El líder del PP, Alberto Núñez Feijóo, lo intenta de nuevo. No dejará de aprovechar el asedio judicial a Pedro Sánchez. No parará. Su objetivo es presionar al máximo a quienes tienen la clave para romper la mayoría de investidura del presidente socialista, Junts y el PNB. Los necesita para hacer decantar la balanza o, al menos, para desequilibrarla. Es, claro está, plenamente consciente de que la concurrencia de la ultraderecha de Vox es el factor que más impide a las derechas nacionalistas catalana y vasca apuntarse al fin del sanchismo. Por eso esta vez les guiña el ojo con una moción de censura que implicaría, tal como ha explicitado, un gobierno efímero y sin los de Abascal con el objetivo único de convocar elecciones inmediatamente. Lo que les dice, pues, es esto: dadme apoyo circunstancial a mí (sin Vox) y que las urnas decidan cómo será la próxima etapa.

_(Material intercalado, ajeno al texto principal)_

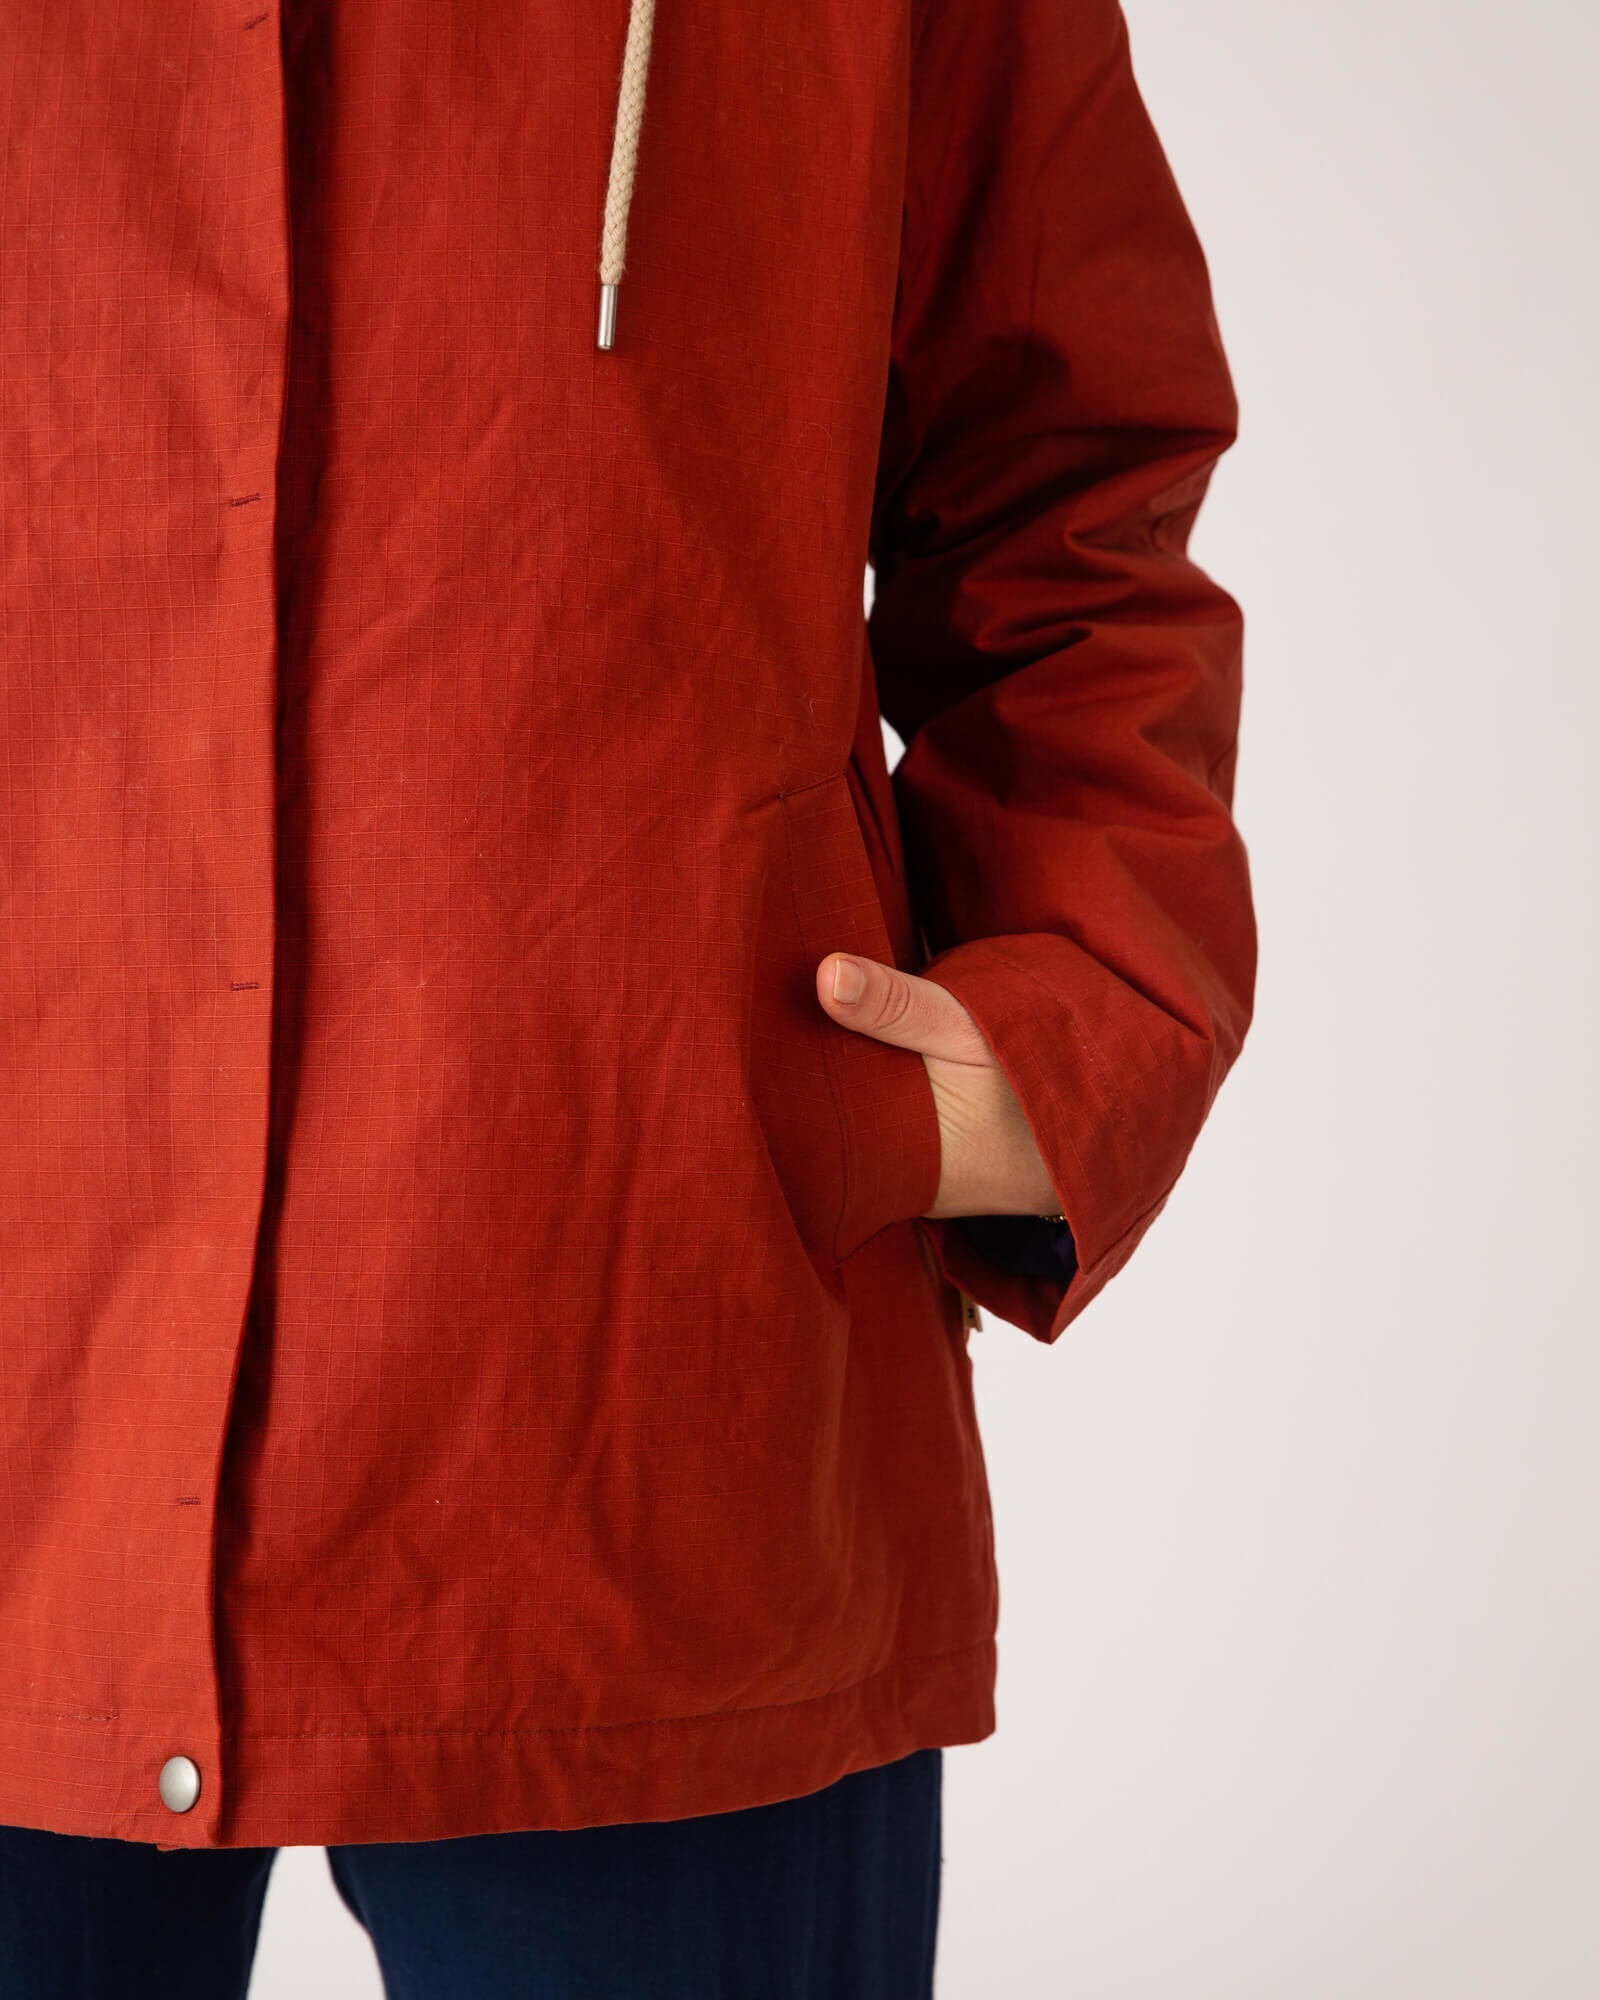 Brique de veste cirée rouge en coton biologique de Matona

Solo hace unos días, sin embargo, tanto Junts como el PNB ya le dijeron que no se apuntaban a una moción de censura. Este lunes han callado. Veremos qué dicen el martes. Ciertamente, unos y otros están incómodos con la acumulación de casos judiciales que afectan al PSOE sanchista. En el caso de Junts, sin duda también pesa, y mucho, la no aplicación de la amnistía. En cuanto al PNB, el hecho de que en el País Vasco estén gobernando en coalición con los socialistas resulta incompatible con hacer caer al PSOE en el Estado: se pondrían en peligro ellos mismos en Bilbao.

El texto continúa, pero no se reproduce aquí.